In the article, he talks about how, in the future, glasses could detect whether you’ve been around bomb-making materials:
“You can literally see residue on someone if your glasses emit a dozen different wavelengths of microlasers that illuminate clothing in real time and give off a signature of what was absorbed or reflected.”
That’s pretty amazing, chemical spectrometry on the fly. He goes on to talk about distance vision:
“Imagine you have a pair of glasses, and you can just look at a building 50 feet away, 100 feet away, and look right through the building and see someone moving around.”
Now, you might nor might not like what he’s doing with that, but imagine applying it elsewhere: identifying where people are for rescue, or identifying materials for quality control.
Heck, I’d find it interesting just to augment the camera with infrared and ultraviolet: imagine being able to use the camera on your phone or glasses to see what’s happening at night, e.g. wildlife (tracking coyotes or raccoons, and managing to avoid skunks!). Night vision, and seeing things that fluoresce under UV would both be really cool additions.
I’d be interested too in having them able to work to enlarge as well, bring small things to light like a magnifying glass or microscope.
It made me think about all the senses we could augment. I was thinking about walking our dogs, and how their olfactory life is much richer than ours. They are clearly sensing things beyond our olfactory capabilities, and it would be interesting to have some microscent detectors that could track faint traces to track animals (or know which owner is not adequately controlling a dog, ahem). They could potentially serve as smoke or carbon monoxide detectors also.
Similarly, auditory enhancement: could we hear things fainter than our ears detect, or have them serve as a stethoscope? Could we detect far off cries for help that our ears can’t? Of course, that could be misused, too, to eavesdrop on conversations. Interesting ethical issues come in.
And we’ve already heard about the potential to measure one’s movement, blood pressure, pulse, temperature, and maybe even blood sugar, to track one’s health. The fit bands are getting smarter and more capable.
There is the possibility for other things we personally can’t directly track: measuring ambient temperatures quantitatively, and air pressure are both already possible and in some devices. The thermometer could be a health and weather guide, and a barometer/altimeter would be valuable for hiking in addition to weather.

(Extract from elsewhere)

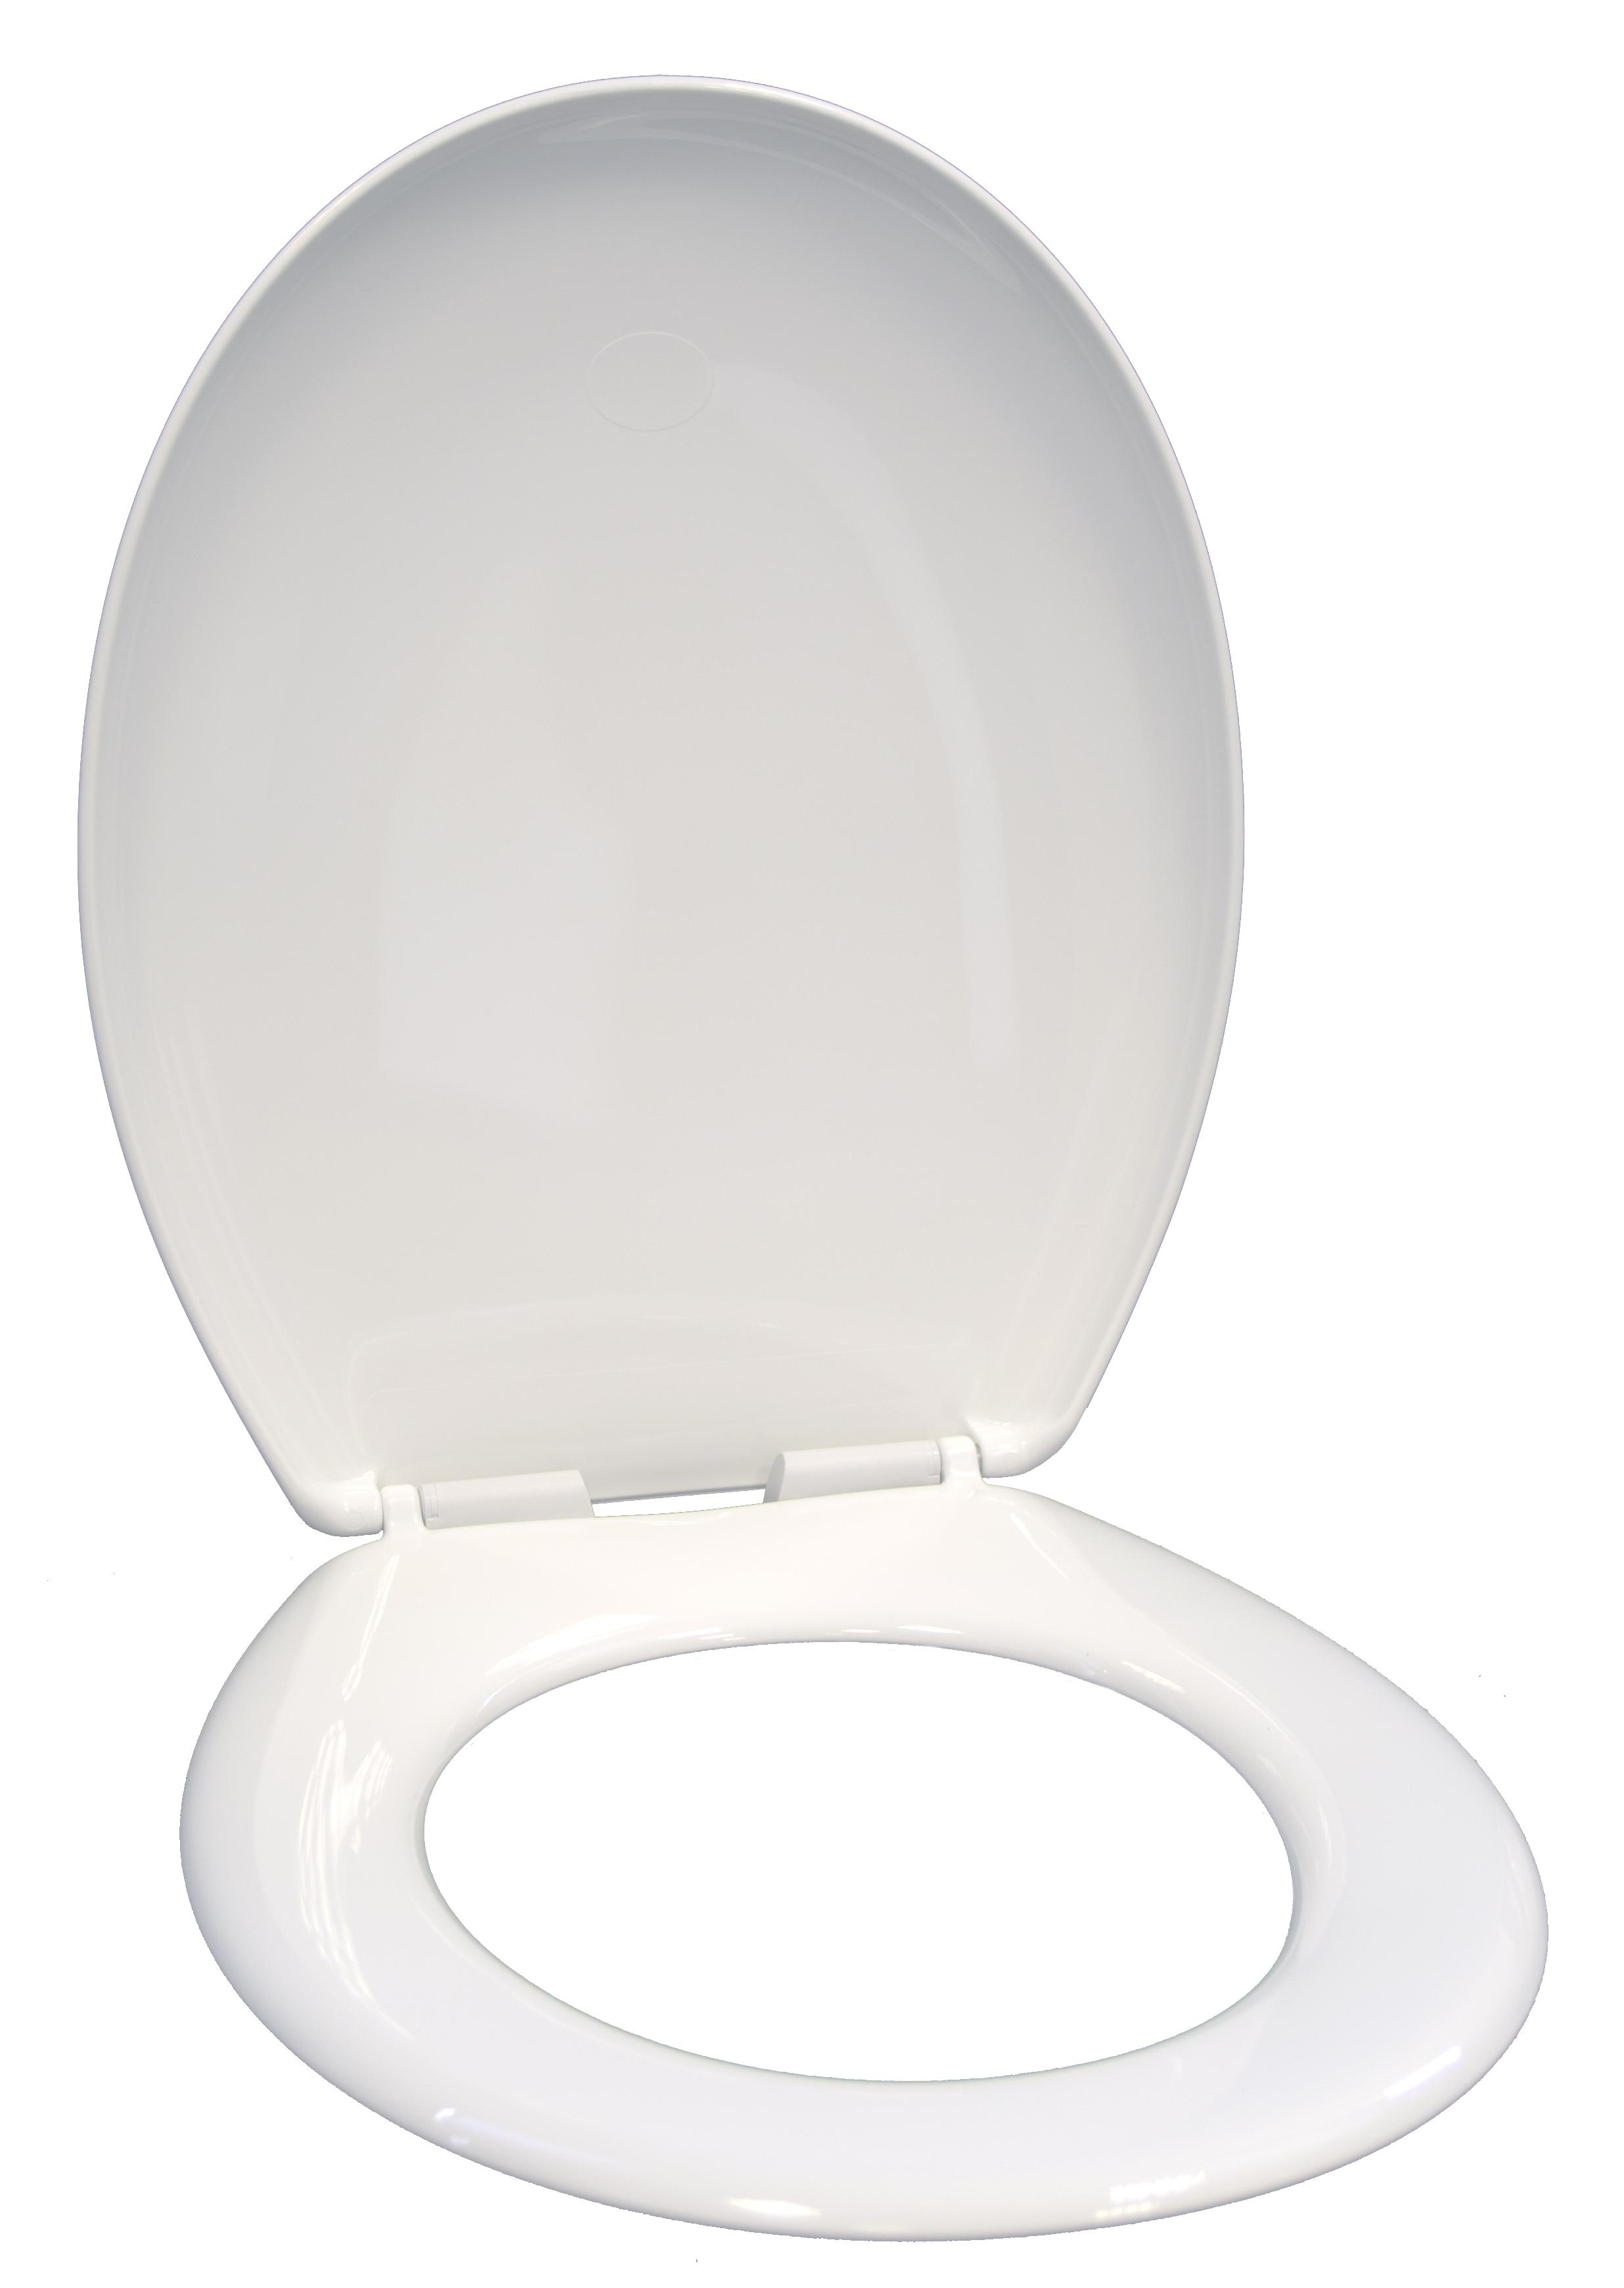 Lecico   Atlas   STWHSSUNP   Toilet Seat

The combination of reporting these could be valuable too. Sensor nets, where the data from many micro sensors are aggregated have interesting possibilities. Either with known combinations, such as aggregating temperature and air pressure help with weather, or machine learning where for example we include sensitive motion detectors, and might be able to learn to predict earthquakes like supposedly animals can. Sounds too could be used to triangulate on cries for help, and material detectors could help locate sources of pollution.

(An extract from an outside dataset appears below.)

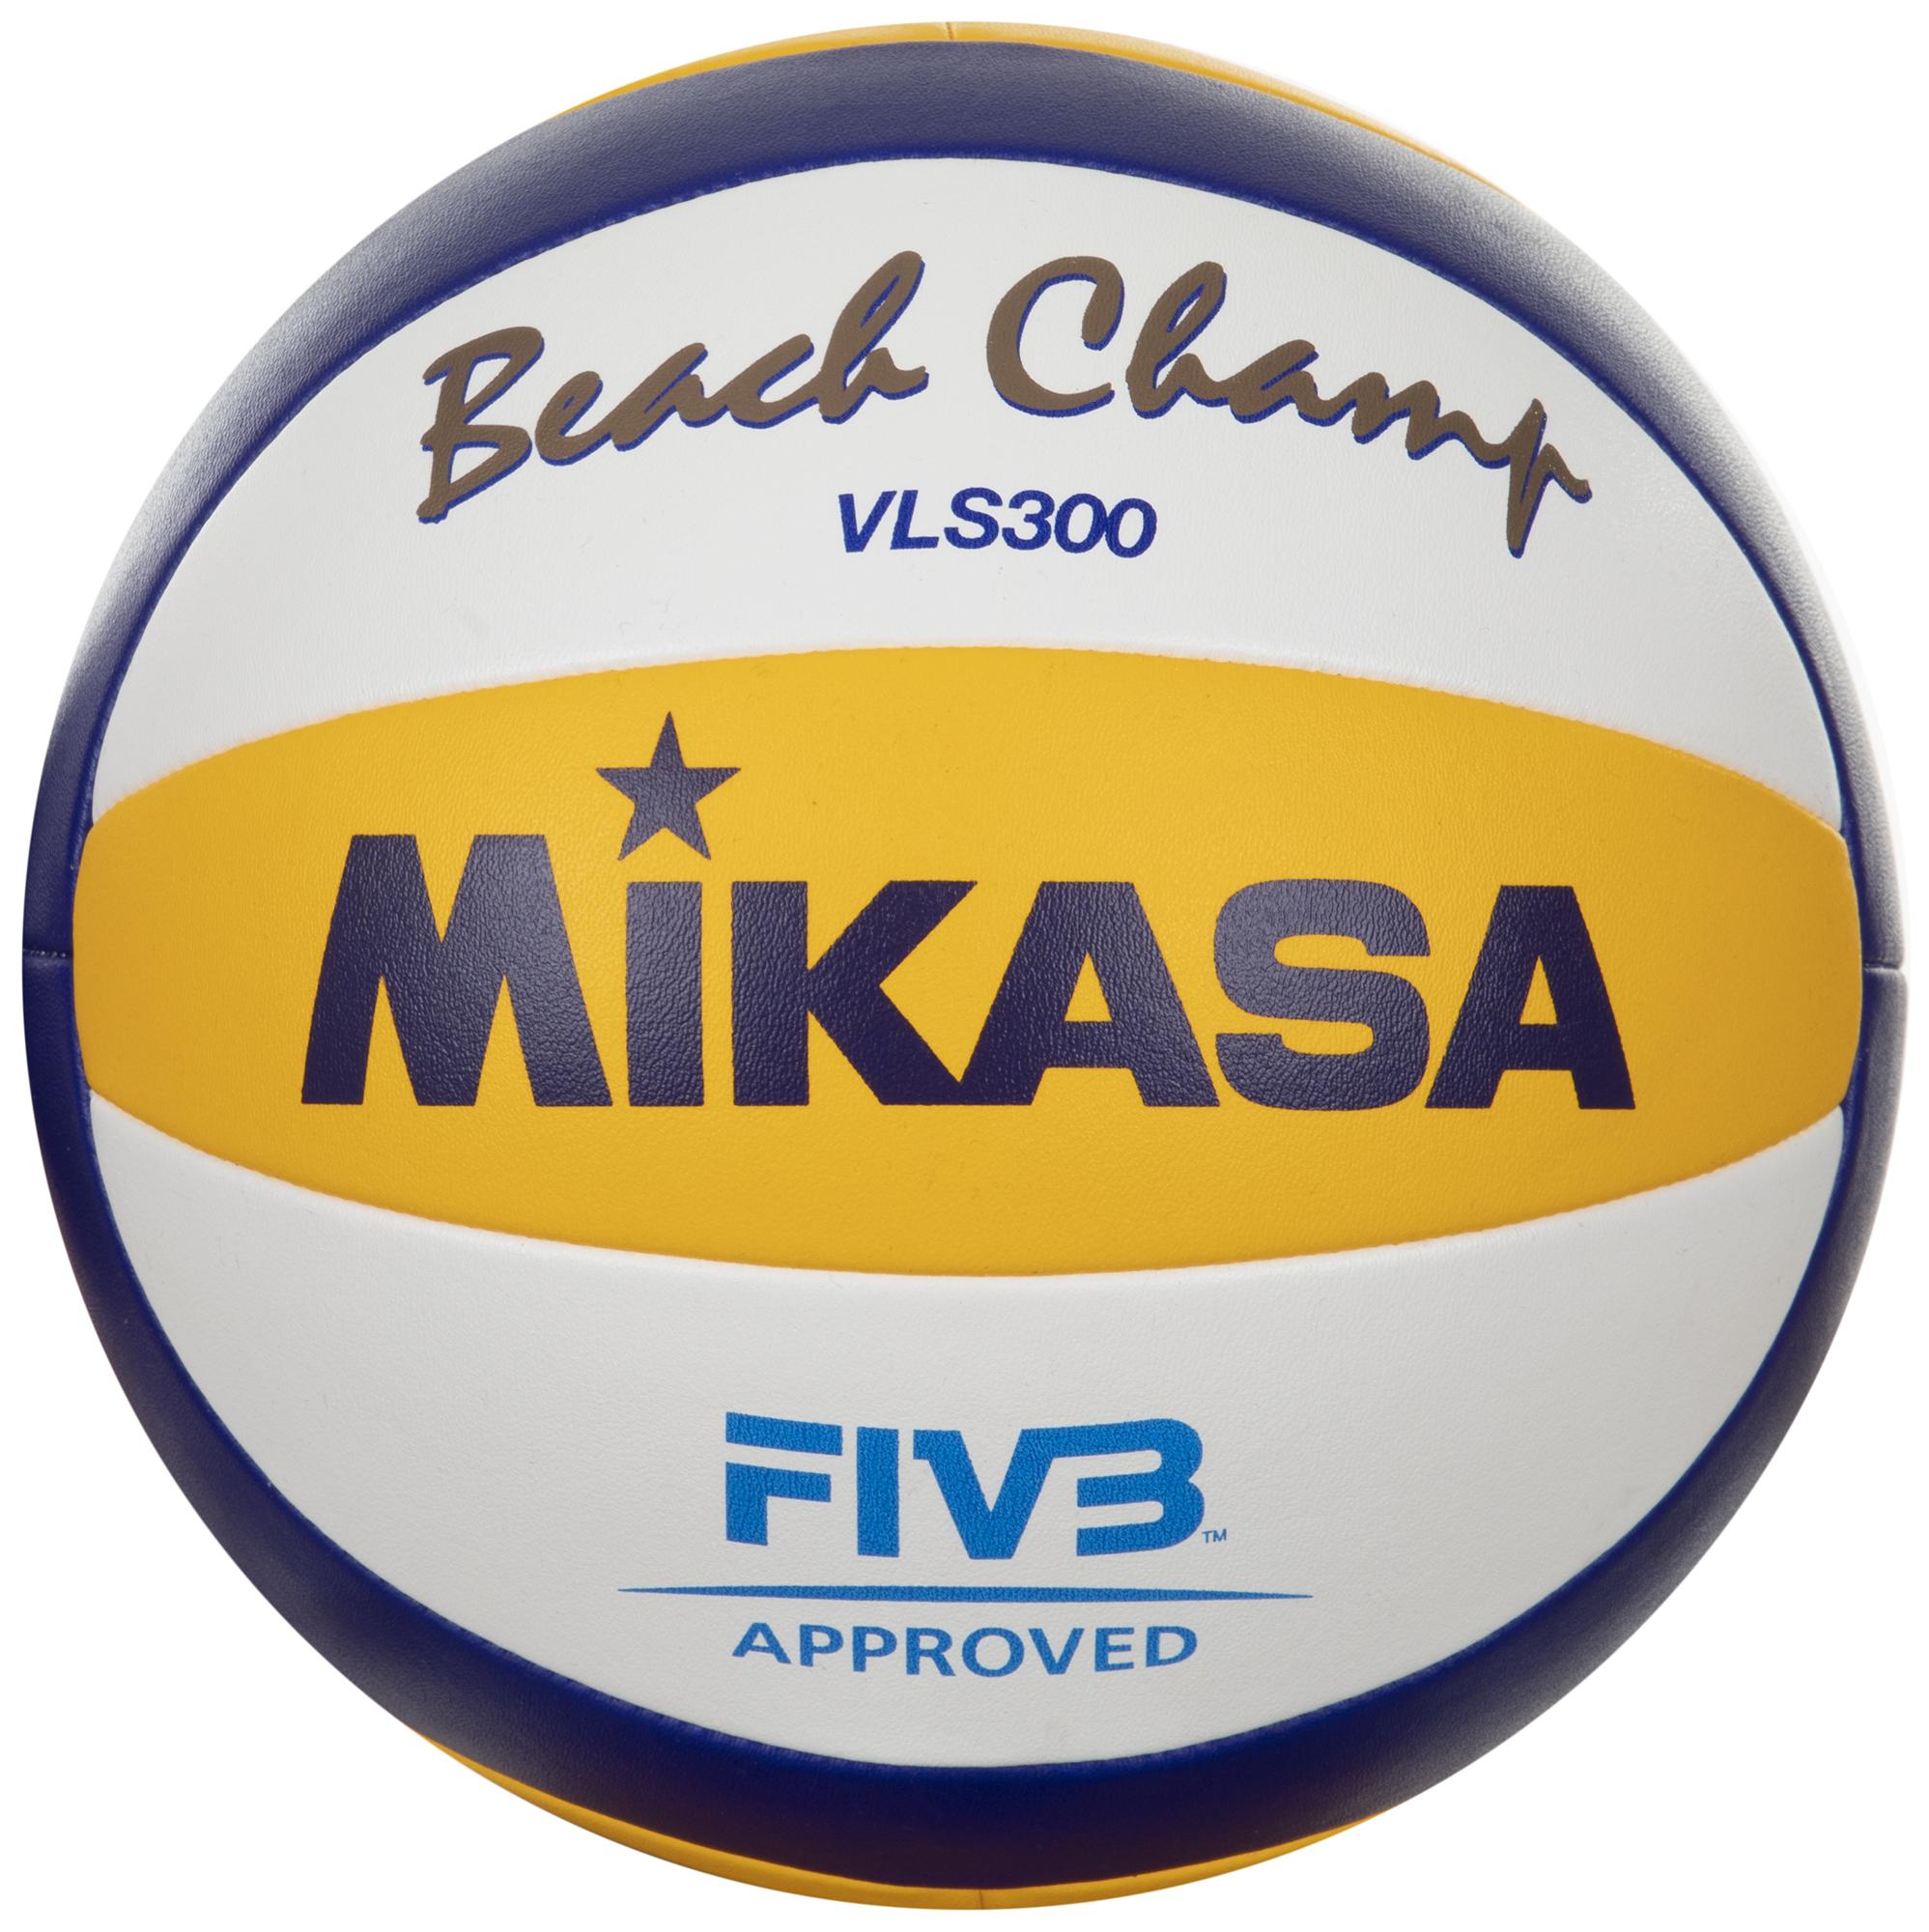 Mikasa Мяч волейбольный MIKASA VLS 300 цены онлайн

We’ve done amazing things with technology, and sensors are both shrinking and getting more powerful. Imagine having sensors scattered about your body in various wearables and integrating that data in known ways, and agreeing for anonymous aggregation for data mining. Yes, there are concerns, but benefits too.
We can put these together in interesting ways, notifications of things we should pay attention to, or just curiosity to observe things our natural senses can’t detect. We can open up the world in powerful ways to support being more informed and more productive. It’s up to us to harness it in worthwhile ways.